There’s a white-knuckle depiction of Gill refusing to sell even during the most high-tension period of time when to do so would make him a multimillionaire, and his family and friends — and no doubt, many economically suffering audience members — are urging him to do it. And inevitably the pressure is ratcheted up to stroke-inducing levels by Wall Street dirty tricks, changing the rules of the game in order to force Gill and his followers out of the privileged world of “stonks.”
This is the best “COVID movie” I’ve seen, the only one with a useful take on what the pandemic was like for most people. Basically, it was a deadly crisis thrown on top of lives already burdened by regular crises, that just had to be absorbed and managed as part of tough everyday existence, with no serious help or guidance from the government or any of its services. In the midst of grueling work, crippling financial worry, struggles to get childcare, and a variety of grim living situations, people are also masking up, enduring lockdown, getting their nostrils painfully swabbed for lab testing, and in some cases, losing loved ones. Keith Gill’s family is shown mourning the recent death of his sister Sarah, though it’s not clear if COVID was the cause.
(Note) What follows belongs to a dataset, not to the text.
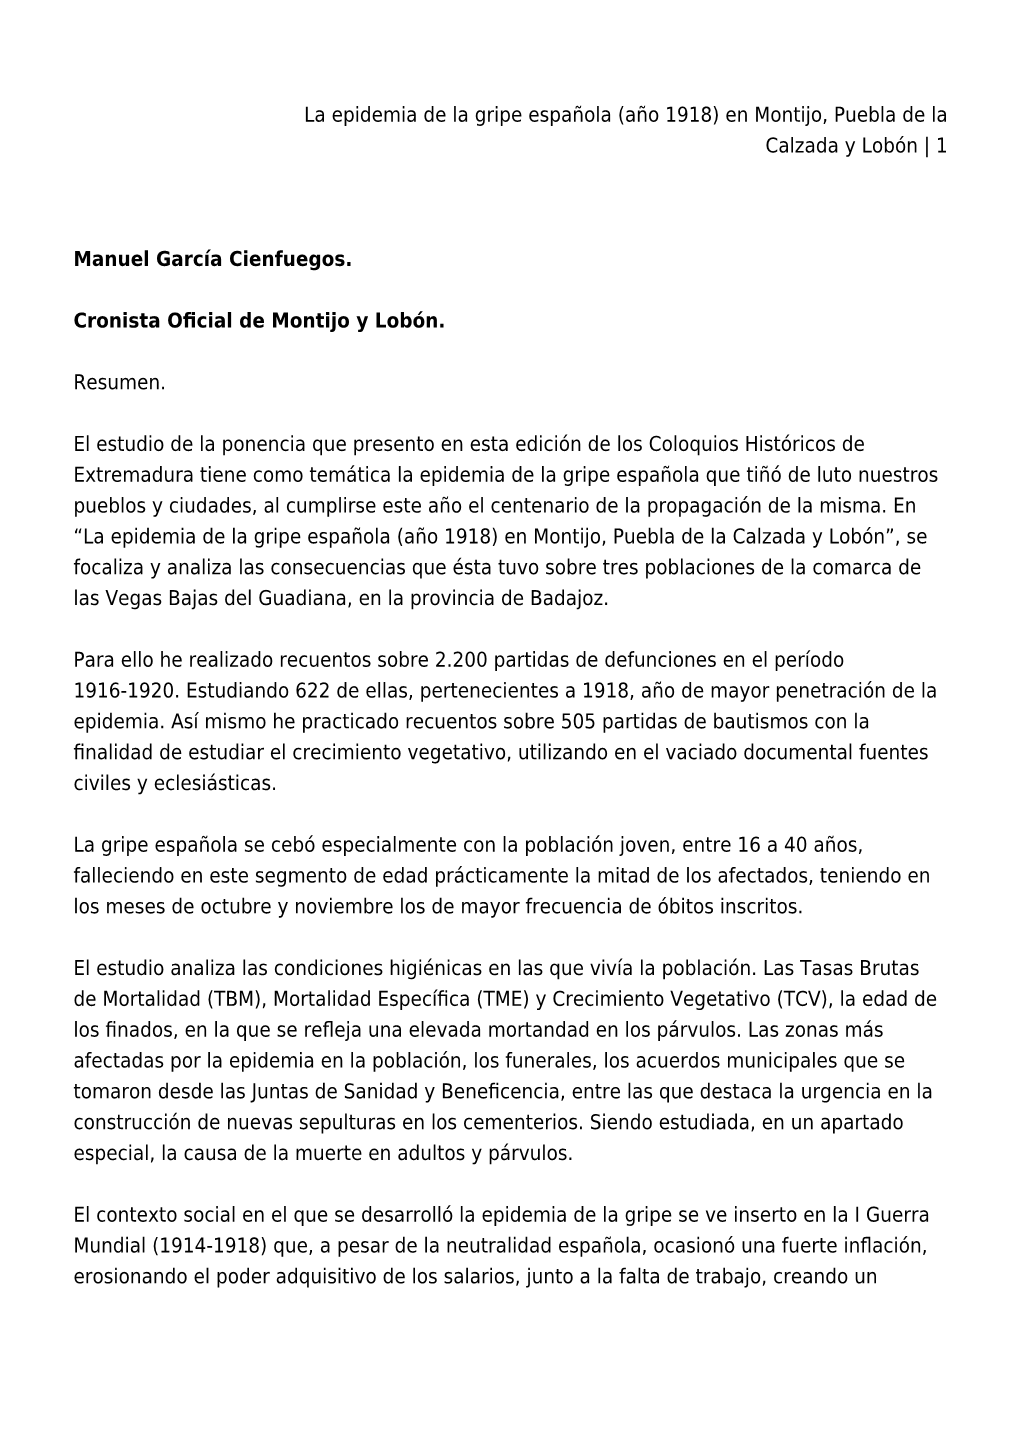 La Epidemia De La Gripe Española (Año 1918) En Montijo, Puebla De La Calzada Y Lobón | 1
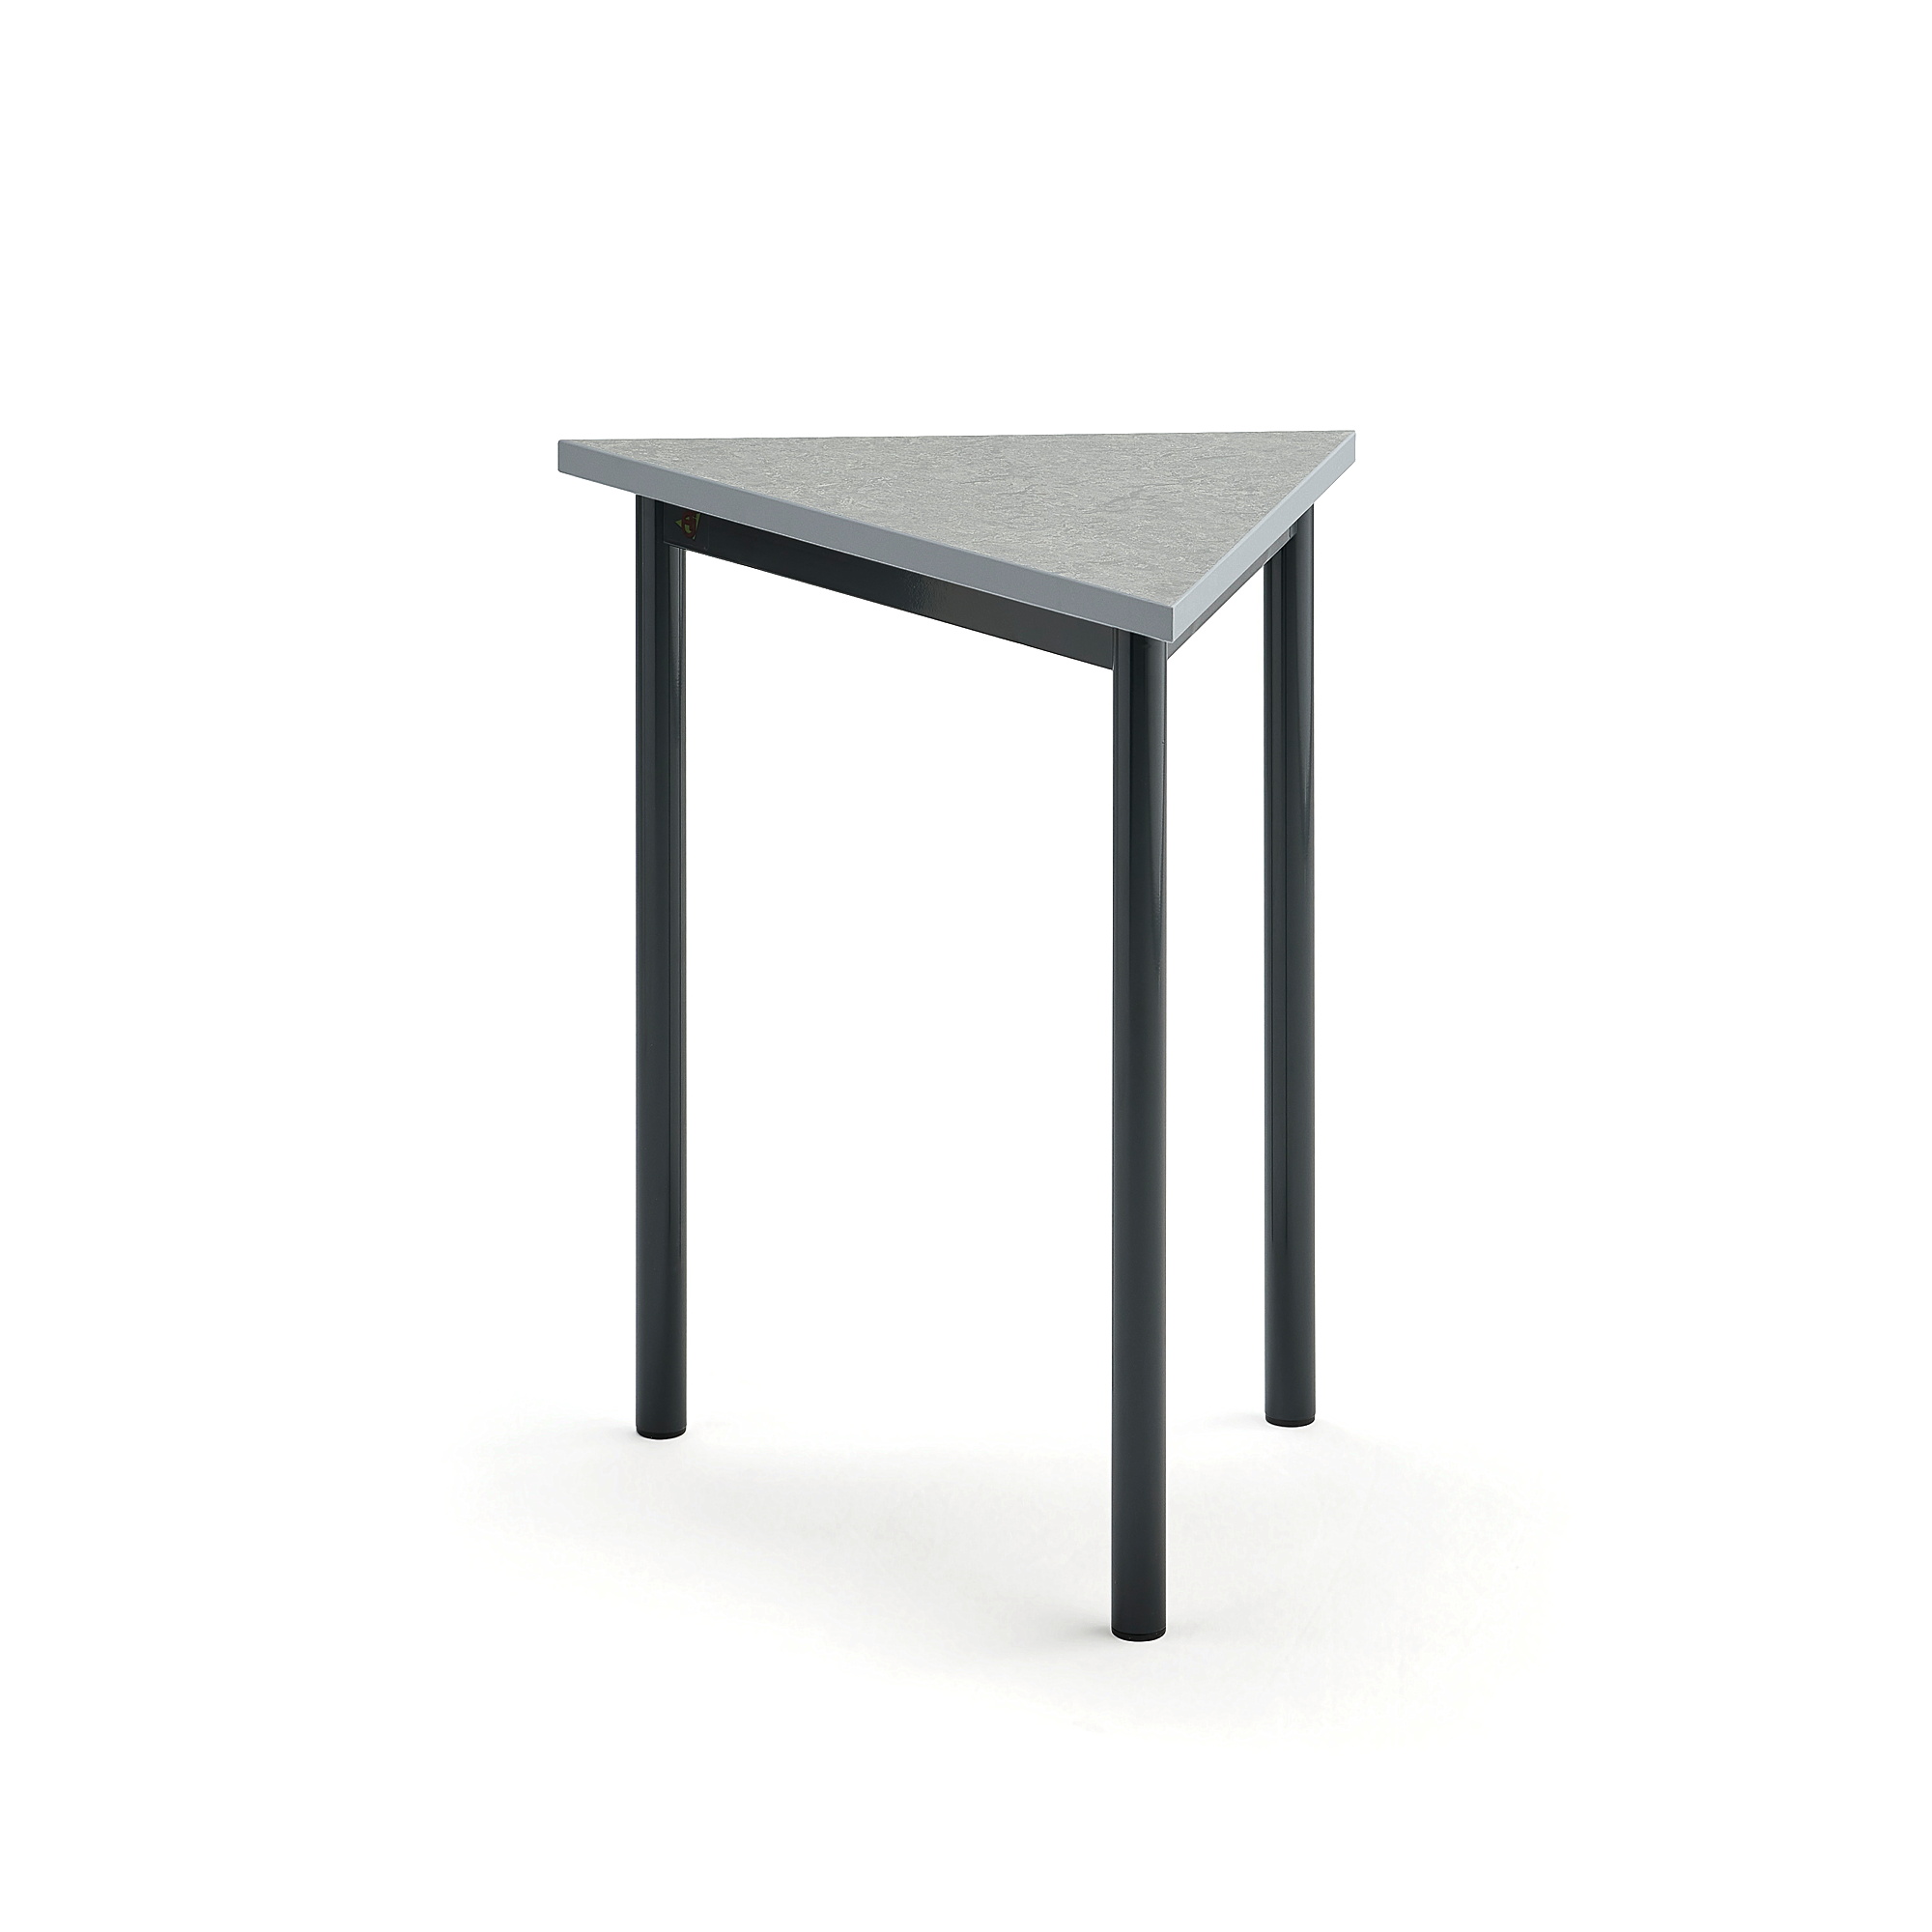 Stôl SONITUS TRIANGEL, 700x600x720 mm, linoleum - šedá, antracit

And nurse Jennifer Campbell is depicted caring for patients in an overcrowded hospital typical of the COVID era. Campbell rants at a certain point about getting a measly $600 from a government that then turns around and bails out failing multibillion-dollar investment firms because their vampire capitalist plan to drain GameStop dry didn’t work out as planned.
Ironically, by not foregrounding the COVID crisis as other films dealing with the topic have tended to do, Dumb Money captures that mad sense of having to struggle on as if no public health crisis were happening, which characterized the experience of most people. The insanity of our era is summed up there — we’re just going to ignore ever-huger catastrophes, forced to continue to work and pay bills, if we can, right up to the actual apocalypse.